From Complex Dynamics to DynFormer: Rethinking Transformers for PDEs

Partial differential equations (PDEs) are fundamental for modeling complex physical systems, yet classical numerical solvers face prohibitive computational costs in high-dimensional and multi-scale regimes. While Transformer-based neural operators have emerged as powerful data-driven alternatives, they conventionally treat all discretized spatial points as uniform, independent tokens. This monolithic approach ignores the intrinsic scale separation of physical fields, applying computationally prohibitive global attention that redundantly mixes smooth large-scale dynamics with high-frequency fluctuations. Rethinking Transformers through the lens of complex dynamics, we propose DynFormer, a novel dynamics-informed neural operator. Rather than applying a uniform attention mechanism across all scales, DynFormer explicitly assigns specialized network modules to distinct physical scales. It leverages a Spectral Embedding to isolate low-frequency modes, enabling a Kronecker-structured attention mechanism to efficiently capture large-scale global interactions with reduced complexity. Concurrently, we introduce a Local-Global-Mixing transformation. This module utilizes nonlinear multiplicative frequency mixing to implicitly reconstruct the small-scale, fast-varying turbulent cascades that are slaved to the macroscopic state, without incurring the cost of global attention. Integrating these modules into a hybrid evolutionary architecture ensures robust long-term temporal stability. Extensive memory-aligned evaluations across four PDE benchmarks demonstrate that DynFormer achieves up to a 95% reduction in relative error compared to state-of-the-art baselines, while significantly reducing GPU memory consumption. Our results establish that embedding first-principles physical dynamics into Transformer architectures yields a highly scalable, theoretically grounded blueprint for PDE surrogate modeling.

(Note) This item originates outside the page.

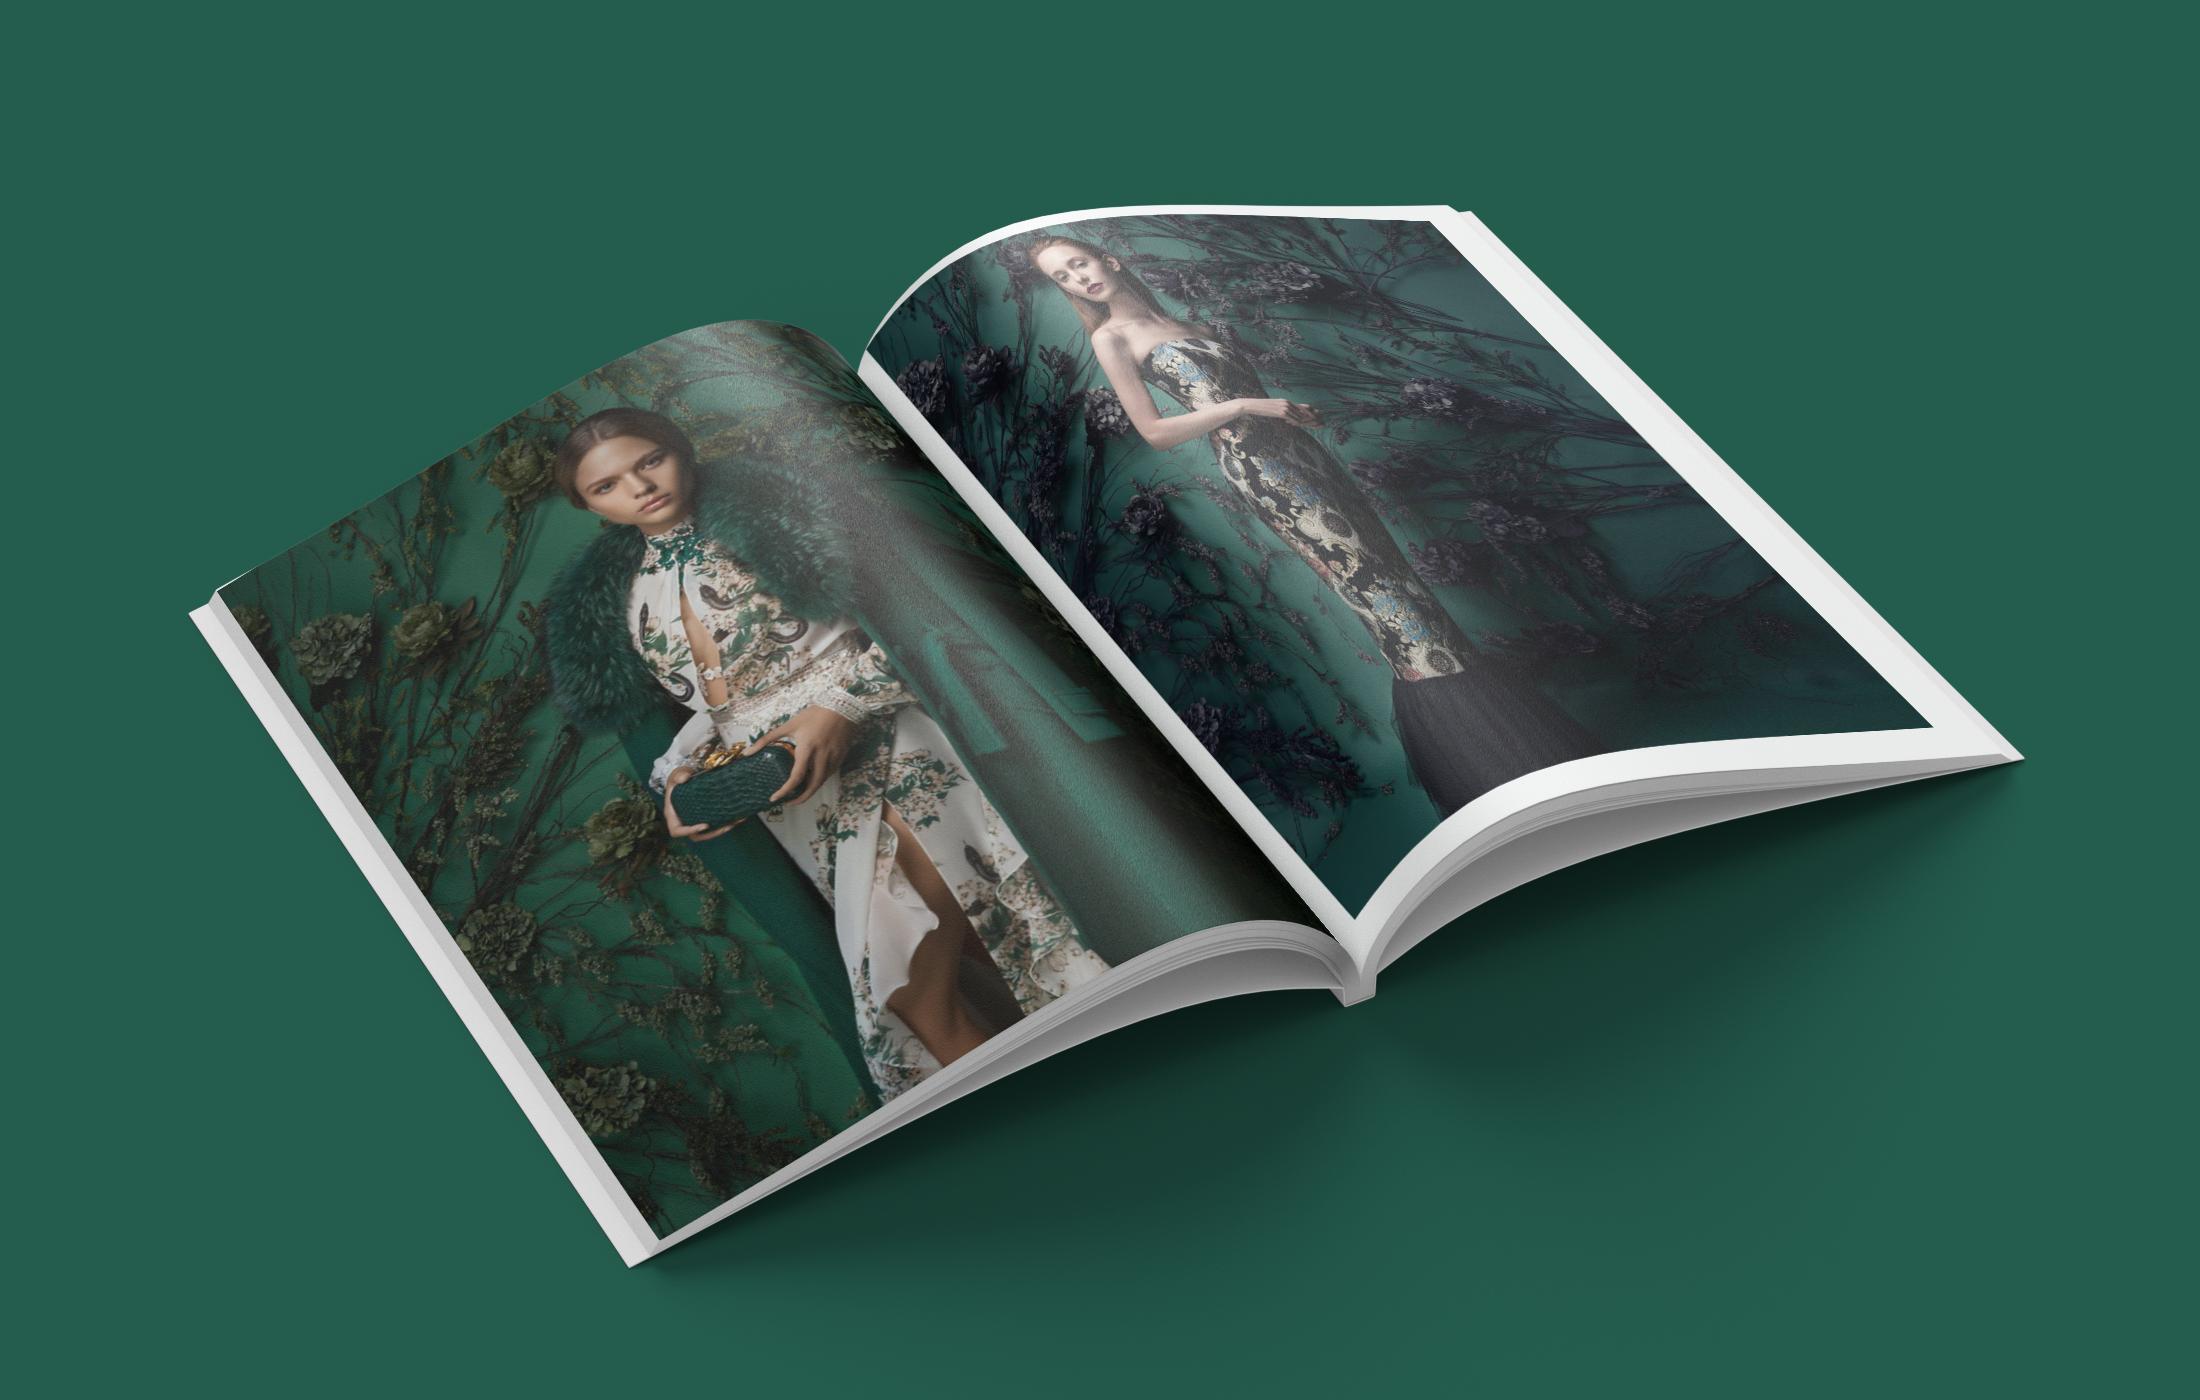 Model Citizen Magazine Issue 35, Macky Suson, Fashion Inclusion Now3.png

翻译：偏微分方程是建模复杂物理系统的基石，然而经典数值求解器在高维与多尺度场景下面临着难以承受的计算成本。尽管基于Transformer的神经算子已成为强大的数据驱动替代方案，但它们传统上将所有离散空间点视为均匀独立的标记。这种单一化方法忽略了物理场固有的尺度分离特性，采用计算代价高昂的全局注意力机制，冗余地混合了平滑的大尺度动力学与高频涨落。通过复杂动力学的视角重新审视Transformer，我们提出DynFormer——一种新型动力学启发的神经算子。DynFormer并非在所有尺度上应用统一的注意力机制，而是显式地为不同物理尺度分配专用网络模块。它通过谱嵌入技术分离低频模态，利用克罗内克结构注意力机制以降低的复杂度高效捕捉大尺度全局相互作用。同时，我们引入局部-全局混合变换模块。该模块利用非线性乘性频率混合，隐式重建受宏观状态支配的小尺度快速变化湍流级串，而无需承担全局注意力的计算代价。将这些模块集成到混合演化架构中，确保了鲁棒的长期时间稳定性。在四个偏微分方程基准测试中进行的广泛内存对齐评估表明，与最先进的基线方法相比，DynFormer实现了高达95%的相对误差降低，同时显著减少了GPU内存消耗。我们的研究结果证明，将第一性原理物理动力学嵌入Transformer架构，为偏微分方程代理建模提供了高度可扩展且理论依据充分的蓝图。